Welcome to Exact Solar’s ‘How Green is the 2016 Presidential Election?’ series! Check out the Introduction Post for more information and be sure to check back tomorrow for another candidate! Today’s question: How Green is Hillary Clinton?
The Nation, a weekly political magazine, and 350 Action have teamed up and asked major political candidates in the Democratic, Republican and Green parties to “neither solicit nor accept campaign contributions from any oil, gas or coal company.”
We know that it’s early in the 2016 presidential race, but this election has the potential to truly revolutionize energy in America. We at Exact Solar feel that politics are at the heart of the green movement. So we are going to do all of the dirty work and research for you to provide you with the breakdown of the greenest and not-so-eco-friendly candidates so far.
Democratic candidate Hillary Clinton made it onto our list of Green Politicians, but has been criticized for not yet laying out a specific climate change policy.
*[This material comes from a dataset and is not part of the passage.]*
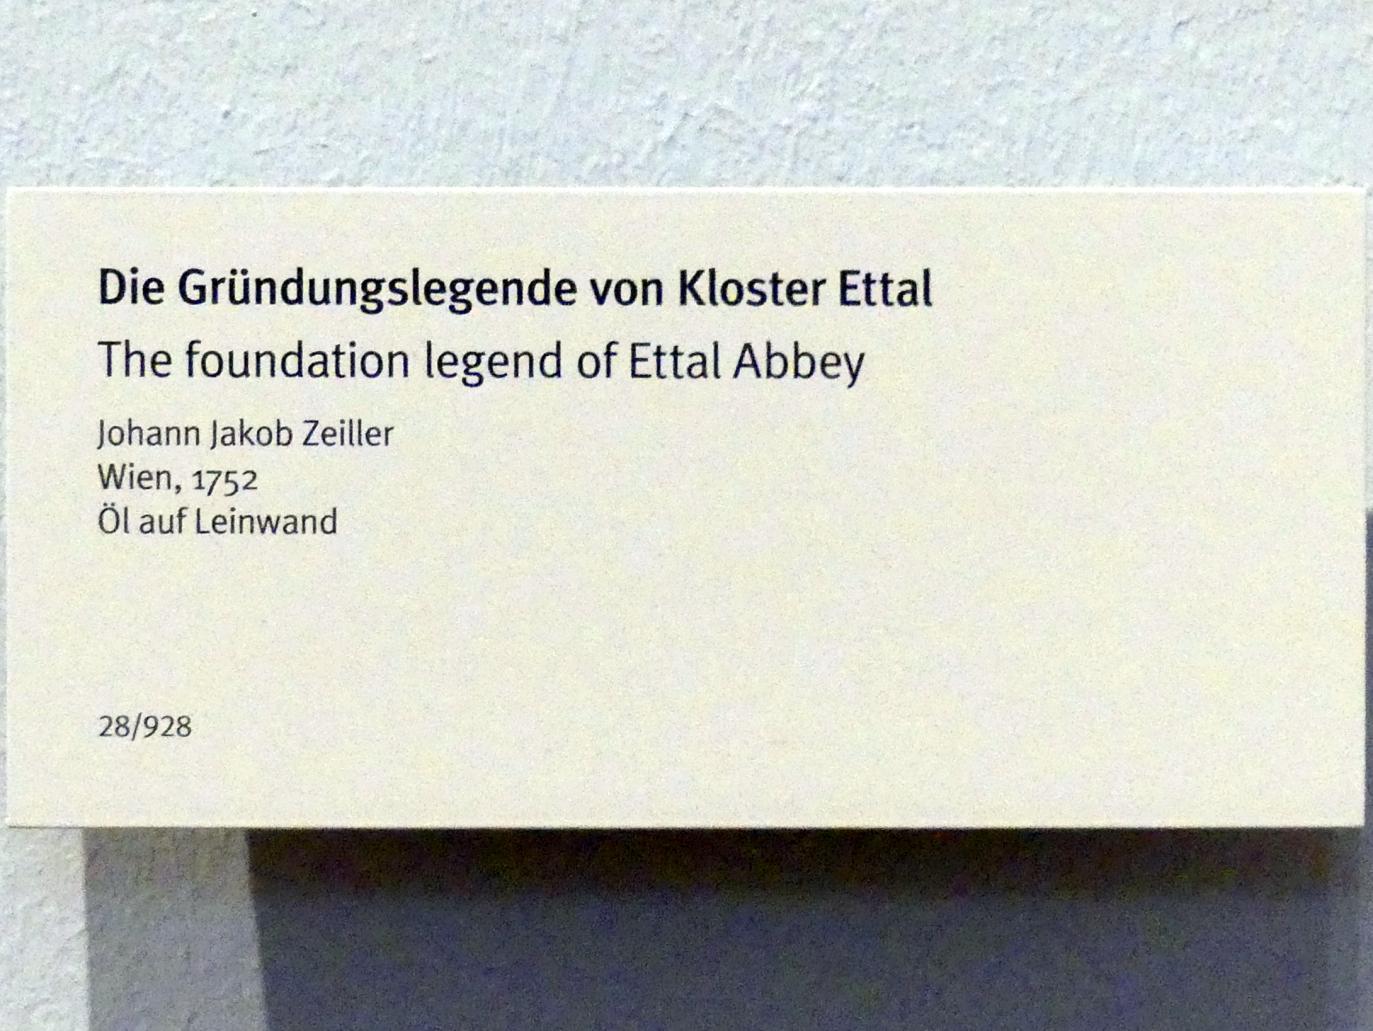 Johann Jakob Zeiller: Die Gründungslegende von Kloster Ettal, 1752, Bild 2/2
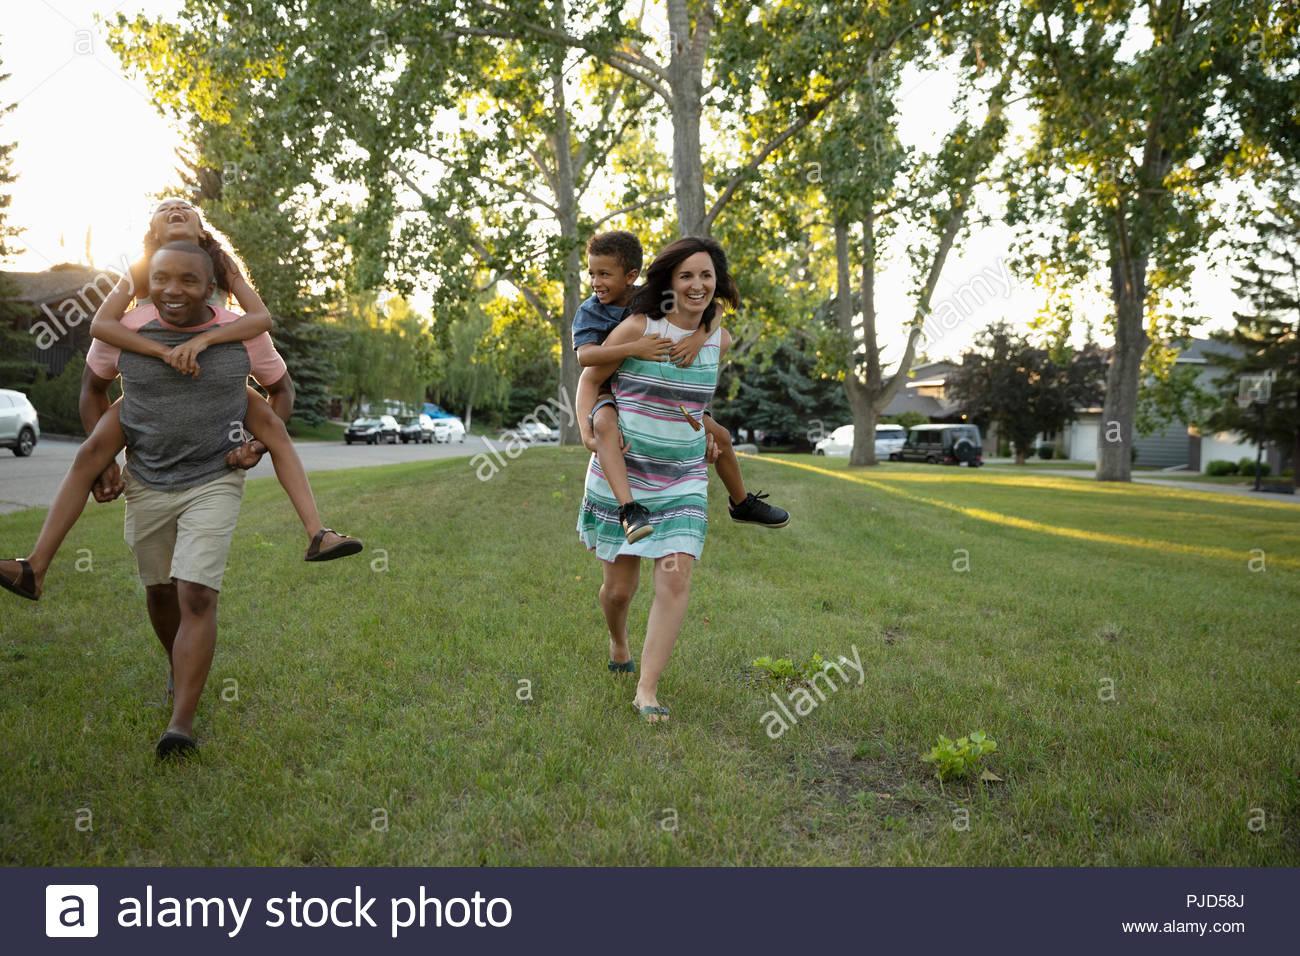 Playful parents piggybacking kids in park - Stock Image

In June, she addressed a crowd of 5,000 in New York City and stressed that she supported the future of clean energy in America. “We will make America the clean energy superpower of the 21st century,” she said. “Developing renewable power—wind, solar, advanced biofuels, building cleaner power plants, smarter electric grids, greener buildings, using additional fees and royalties from fossil fuel extraction to protect the environment and ease the transition for distressed communities to a more diverse and sustainable economic future—from coal country to Indian country, from small towns in the Mississippi Delta to the Rio Grande Valley to our inner cities, we have to help our fellow Americans. Now this will create millions of jobs and countless new businesses, and enable America to lead the global fight against climate change.”
But after making that bold statement on clean energy, wouldn’t you expect Clinton to take the pledge? Well, she hasn’t responded to the letter yet, and some more digging reveals her somewhat secret admiration for unclean energy.
While Clinton seems to support a movement toward clean energy, it seems unlikely that she will turn her back on non-renewables either. Senator Joe Manchin of West Virginia said that Clinton defended coal in a private meeting with House and Senate Democrats. “She said people need to realize what coal has done for this country. People don’t realize that; they just want to condemn it now, and she was very compassionate about that.” But when it comes to climate change and the fate of our planet and humanity as a whole, shouldn’t we be looking far beyond how coal helped the United States’ economy in the past?
While Clinton is certainly not denying the urgency of climate change, voters with the environment at the top of their political priority list are far from satisfied with her flexible approach to the issue that she calls “one of the defining threats of our time.”